There’s a deliberate split in the implementation that mirrors fzy. The score-only path keeps just two rolling rows of the matrix — current and previous — because that’s all you need to compute the final number, which keeps memory flat regardless of candidate length. The positions path keeps the full matrix and then backtracks through it to recover which haystack index each needle character matched. You only pay for the full matrix when you actually asked for positions, which is why score and filter-without-positions stay lean and you opt into the extra work only when you’re going to highlight.

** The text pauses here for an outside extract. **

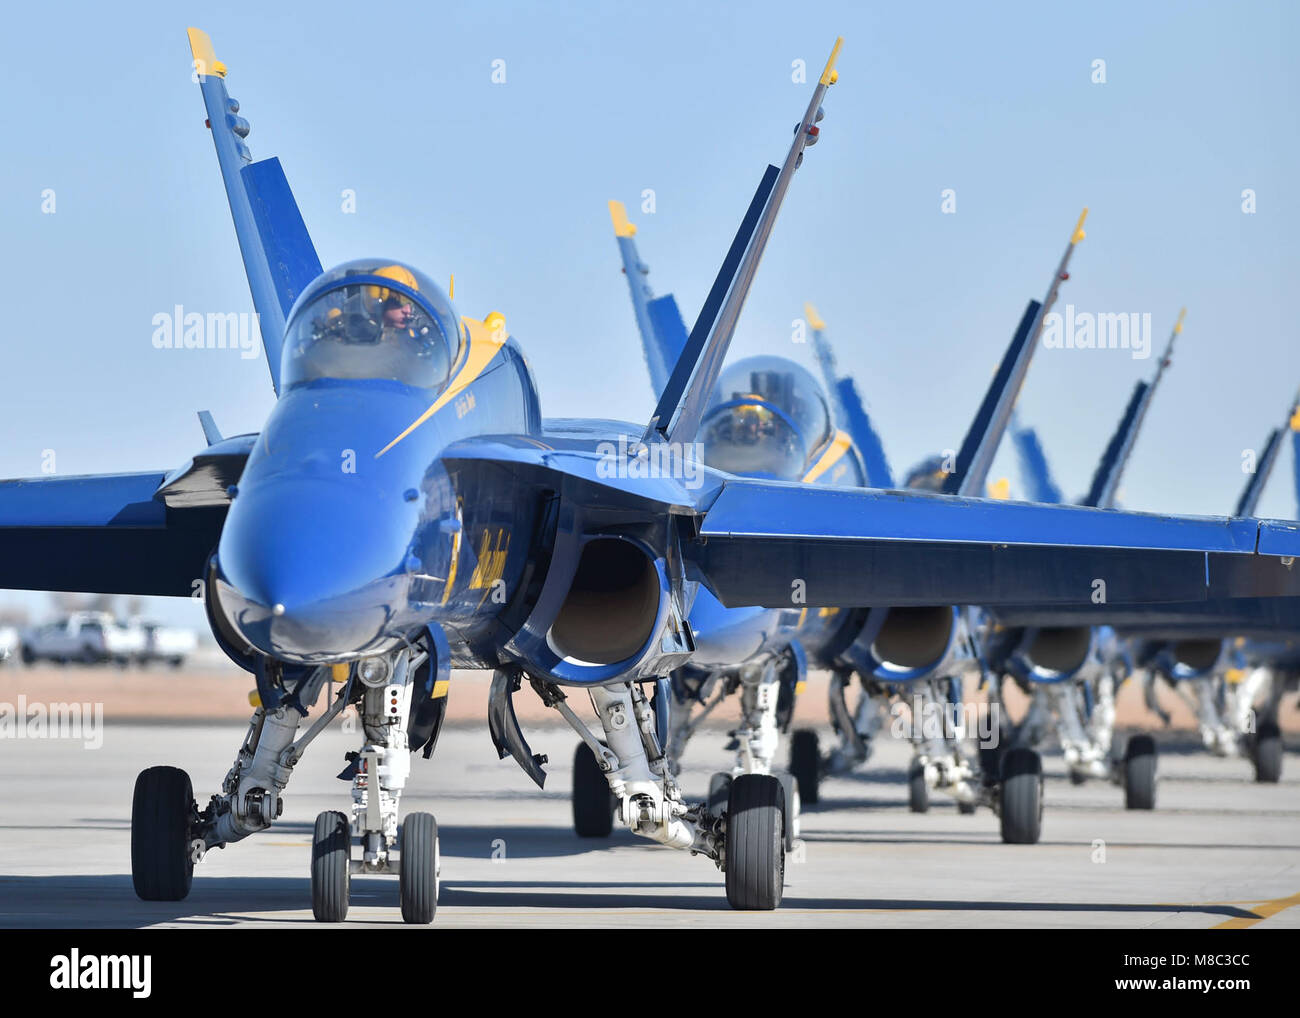 NAF EL CENTRO, Calif. (Feb. 24, 2018) The Blue Angels Delta taxis onto the flightline following a practice demonstration. The Blue Angels are scheduled to perform more than 60 demonstrations at more than 30 locations across the U.S. in 2018. (U.S. Navy Stock Photo

Two guard rails round it out. Candidates longer than MATCH_MAX_LEN (1024 characters) are treated as non-matches rather than scored — fzy’s way of refusing to let one pathologically long entry stall the whole UI. And as noted, an exact case-insensitive match short-circuits straight to SCORE_MAX without running the dynamic program at all.

What it is, honestly

fzy_score is brand new — v0.1.0. It is pure Ruby, has zero runtime dependencies, ships under the MIT license, and has 27 tests passing across Ruby 3.0 through 3.4 in CI. It is a faithful port of fzy, and the only reason we extracted it into a gem is the one that started this post: we needed it for our own demo’s command palette, found Ruby had no good option, and figured the next person building a palette or a quick-open or a CLI picker would rather gem install it than re-derive a dynamic program from a C header. No downloads to brag about yet, no stars, no users but us — just a small, correct, well-tested tool doing one job.

That last part is the part we care about most. A scoring algorithm is the kind of code that’s easy to get almost right and hard to get exactly right — an off-by-one in the backtrack, a bonus applied to the wrong character, a tie broken the wrong way, and the ranking quietly drifts from the reference tool in ways that are maddening to debug from the outside. The point of porting fzy verbatim, constants and all, is that the test suite can assert the behavior matches the implementation everyone already trusts, rather than asking you to trust our judgment about what “good ranking” means. When the answer is already known, the honest engineering move is to match it, not to reinvent it — and then to test that you did.

Install it

It’s on RubyGems and takes no setup:

# add it to a project
bundle add fzy_score

# or install it directly
gem install fzy_score

The source lives at github.com/tachyurgy/fzy_score (MIT) — issues and PRs welcome. If you’re building a fuzzy finder in Ruby and want the same ranking your users already know from fzf, that’s exactly what this is for.